No objections to having this function with this API, but doesn't the implementation duplicate fmpq_simplest_between? How does the performance compare?

[fredrik-johansson]

BTW, this function probably ought to have a fast path for input of the form $[n 2^e \pm r]$ where $r &lt; 2^e$.

[edgarcosta]

Thanks!!!! fmpq_simplest_between is what I have been looking for this whole time. I will rewrite it!

[edgarcosta]

Rewrote in cd5f9f0 (force-pushed). Two changes:

1. Wrapping fmpq_simplest_between. The function body now just
handles arb_is_finite, exact-dyadic endpoint extraction, and the
zero-crossing / fully-negative cases (needed because
fmpq_simplest_between breaks denominator ties by smallest value
i.e. ceil(l), whereas this contract is smallest absolute numerator).
For positive intervals it delegates directly. Body collapsed from
~150 lines of hand-rolled CF descent to ~75 lines of wrapper.

Performance, single per-call timing under -O2, x86_64 raptorlake:

prec	355/113 (was → now)	π (was → now)
53	0.045 ms → 0.031 ms	0.002 ms → 0.004 ms
1000	0.132 ms → 0.152 ms	0.075 ms → 0.026 ms
10000	0.007 ms → 0.043 ms	1.872 ms → 0.152 ms (~12×)
50000	0.108 ms → 0.254 ms	34.241 ms → 1.005 ms (~34×)

The rational-target rows are noise (both terminate in [3; 7, 16]);
the irrational case is where HGCD pays off, ~34× faster at 50000-bit
precision.

2. Fast path for [n·2^e ± r] with r < 2^e. Added the r = 0
case (arb_is_exact(b)): returns arf_get_fmpq(res, arb_midref(b))
without calling fmpq_simplest_between at all. Cost averaged over
1000 calls:

mantissa bits	per-call exact-ball time
53	9 ns
1000	35 ns
10000	140 ns
50000	481 ns

At 50000-bit precision that is ~2000× cheaper than the non-exact
path on the same input. For the more general 0 < r < 2^e case, the
midpoint is not always the answer (e.g. [5/8 ± 0.1] contains 2/3),
so it does not reduce to a one-step return; that case still falls
through to fmpq_simplest_between. Happy to add a tighter general
fast path if you have a specific shape in mind.

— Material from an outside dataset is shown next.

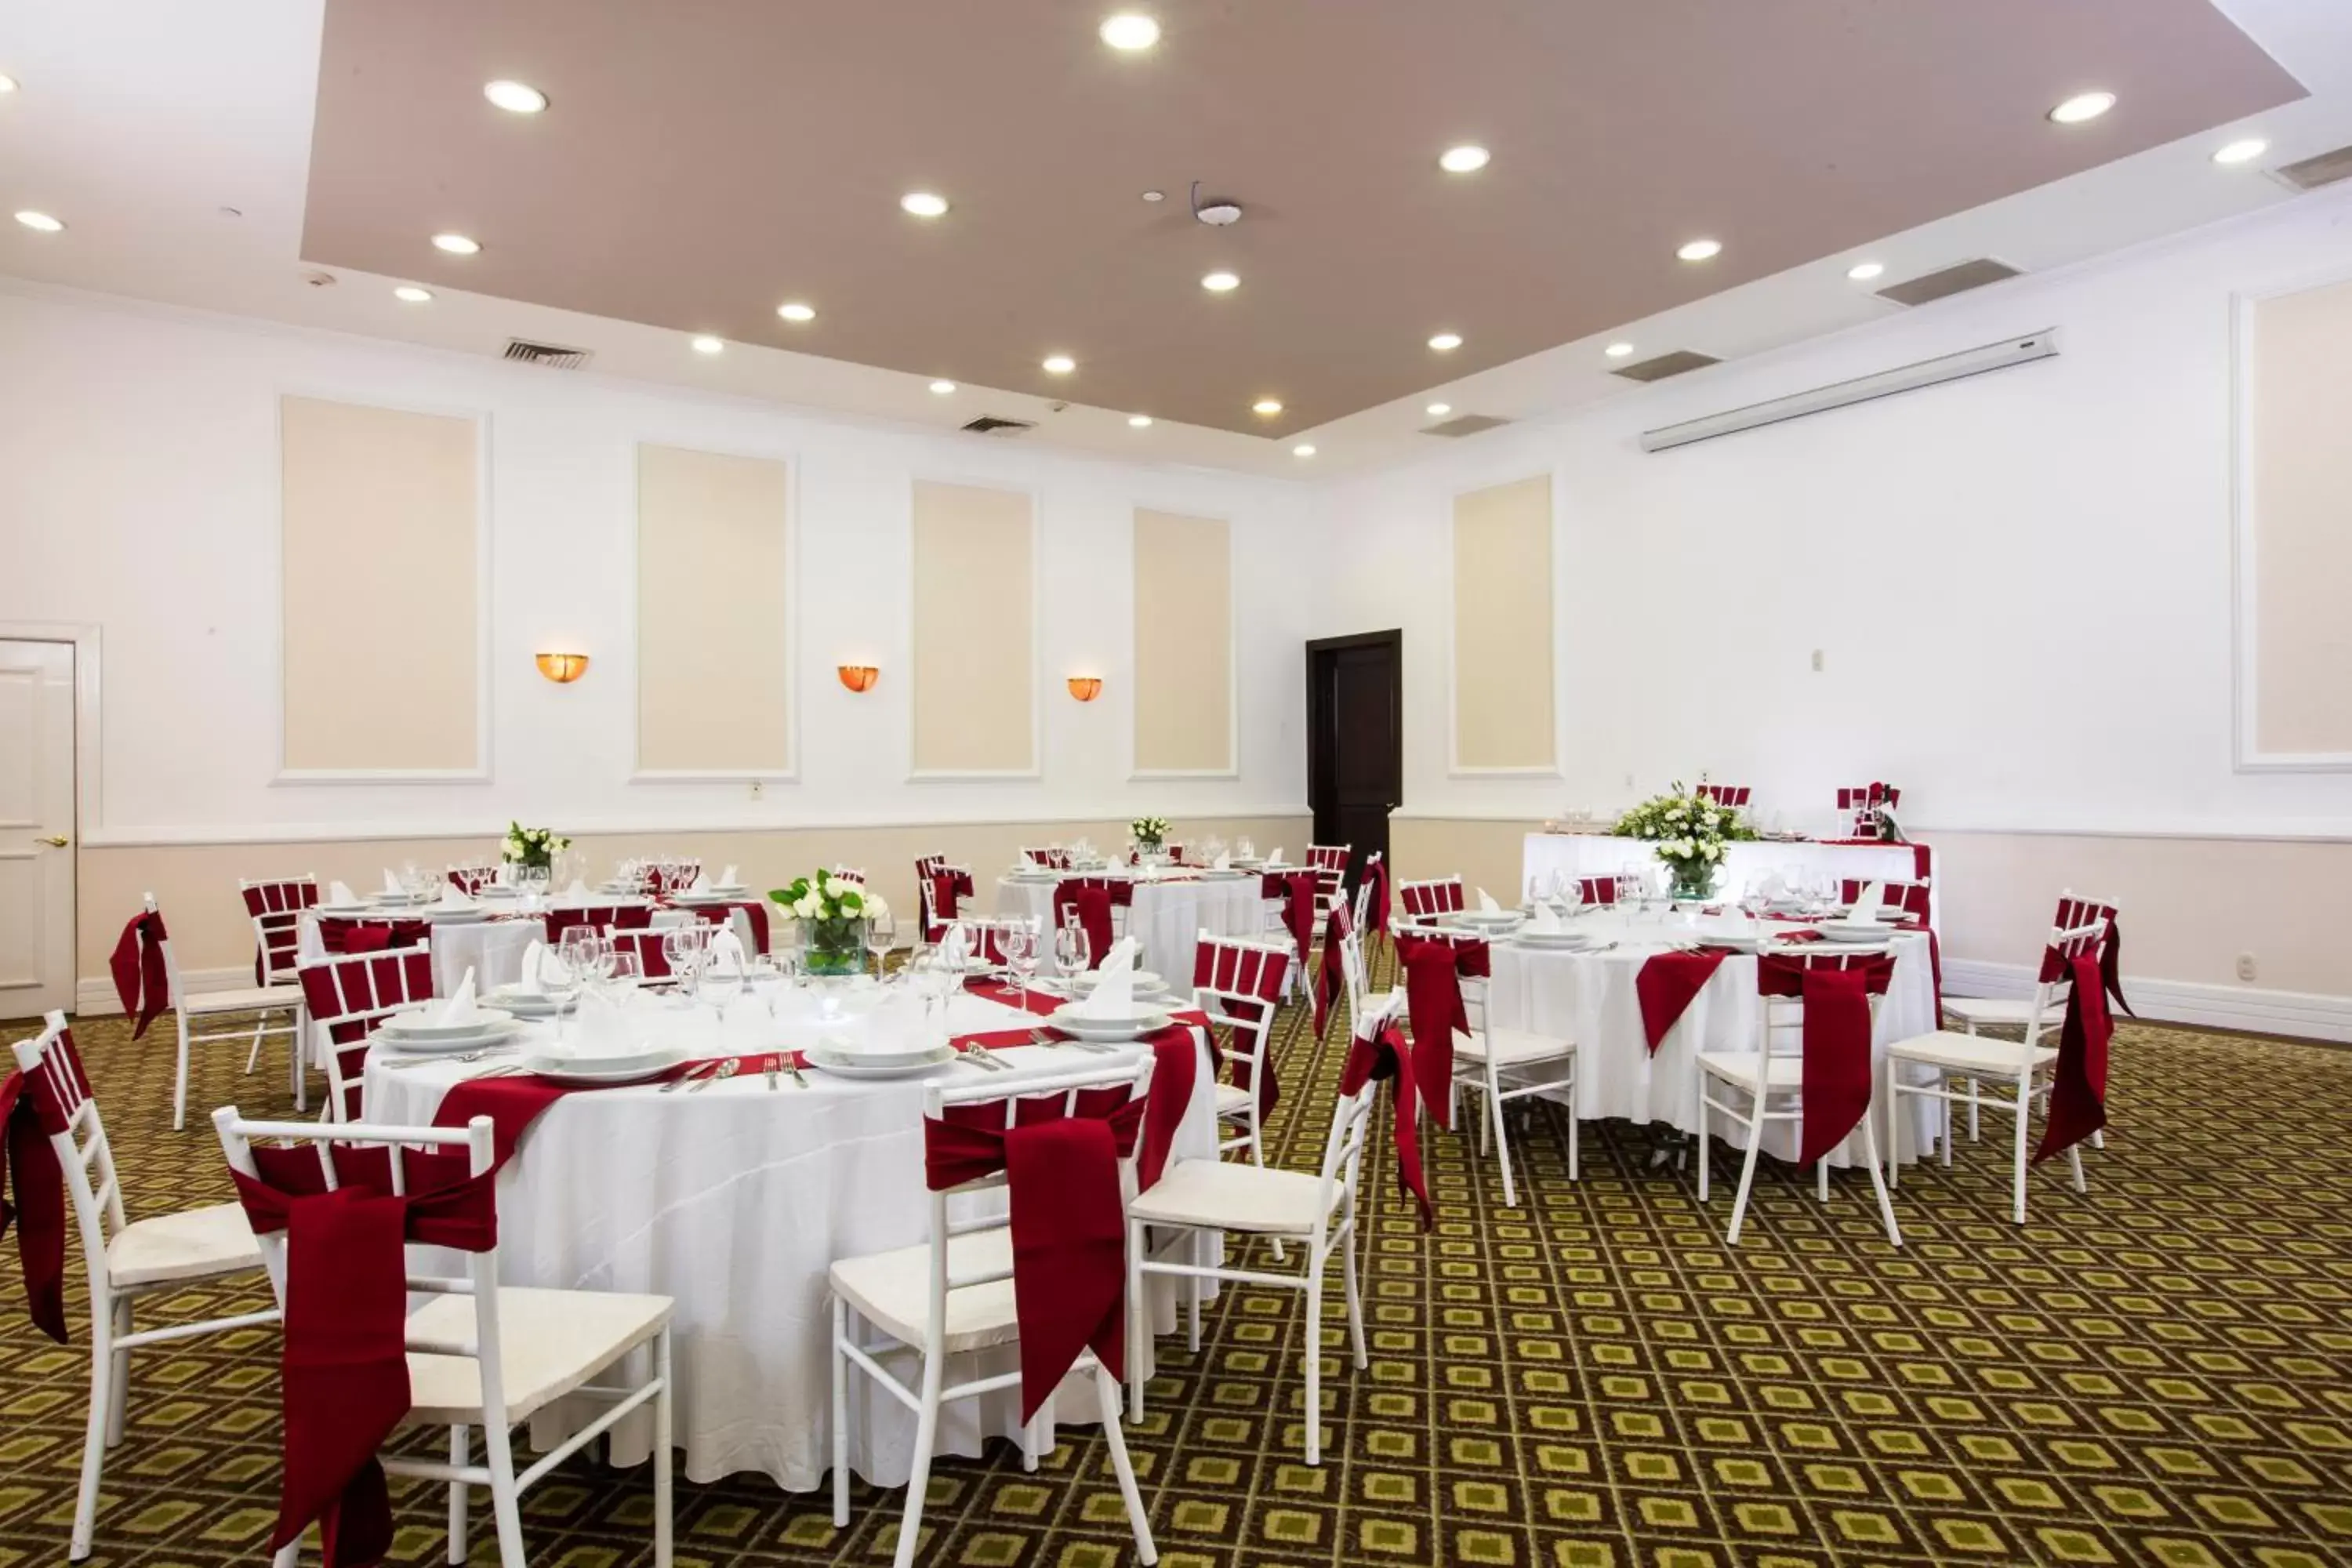 Meeting/conference room, Restaurant/Places to Eat in Krystal Satelite Maria Barbara
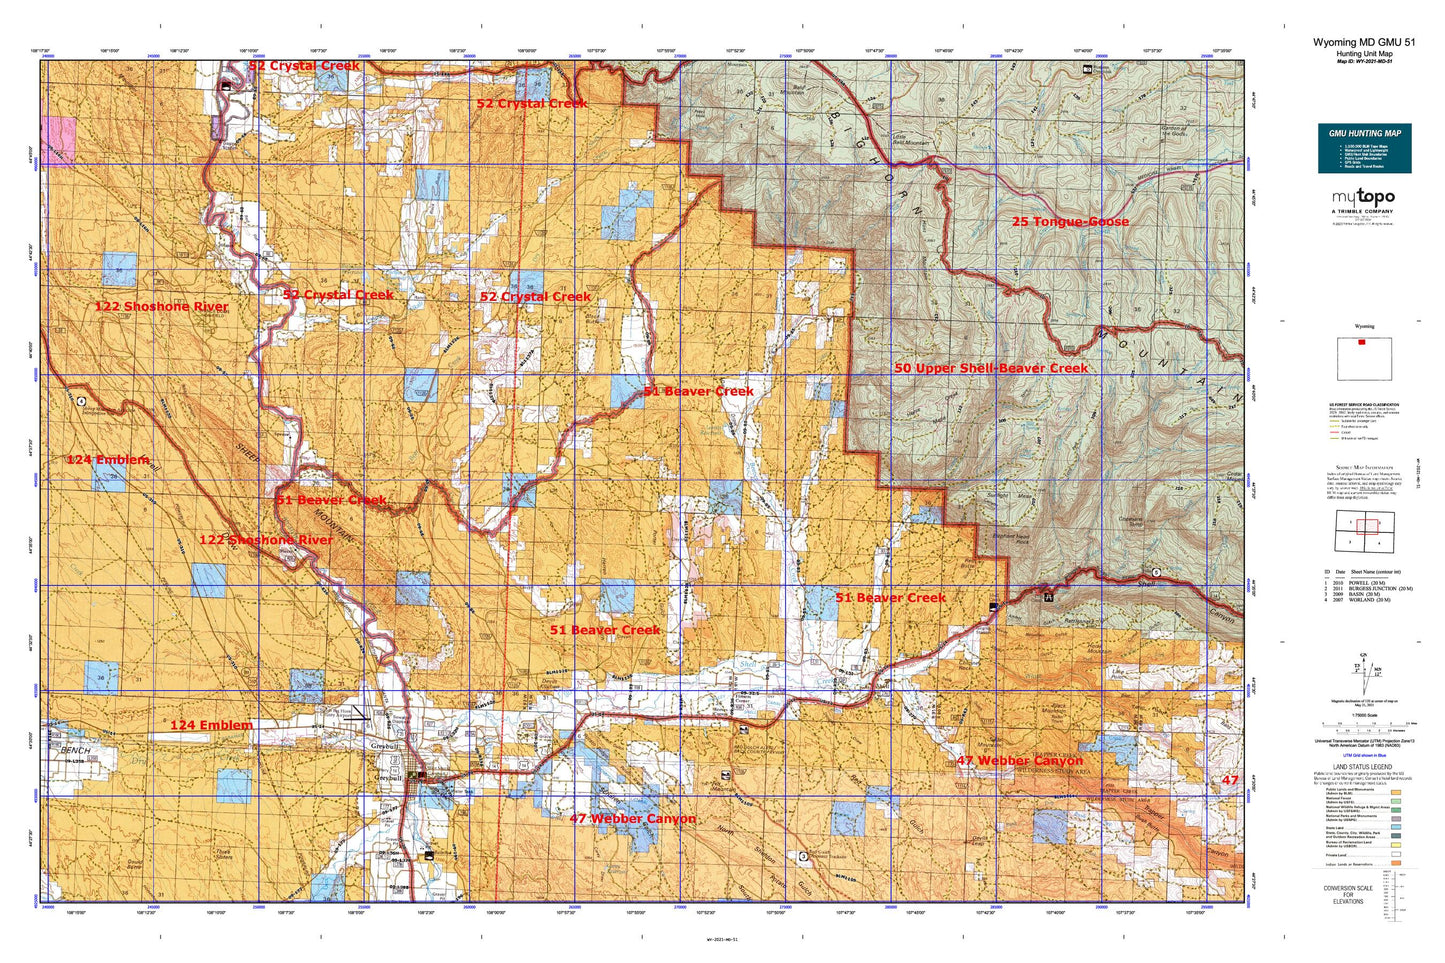 Wyoming Mule Deer GMU 51 Map Image

PR body has been updated to match.

[fredrik-johansson]

You can use arb_contains_zero to check for intervals containing 0 before converting to endpoints. This predicate is exact, and should be faster.

The fmpq_cmp(lo, hi) > 0 check should always fail; what is its purpose?

[edgarcosta]

• arb_contains_zero(b) now handles the zero-crossing case before any endpoint extraction. Non-finite and exact balls still take their own fast paths above it, so the conversion only runs for strictly positive/negative non-exact balls.
• The fmpq_cmp(lo, hi) > 0 check was indeed unreachable given that arb_get_lbound_arf <= arb_get_ubound_arf is guaranteed by arb for finite balls; removed, along with the goto cleanup it was guarding.
• Sign reduction now uses arb_is_negative(b) (also exact on the arf/mag pair) instead of fmpq_sgn(hi) < 0.

Body is down to ~60 lines. Valgrind on the new test dropped from 1.32 s to 0.91 s (the fuzz iterations that hit a zero-crossing ball no longer allocate). Per-call timings are within noise of the previous numbers.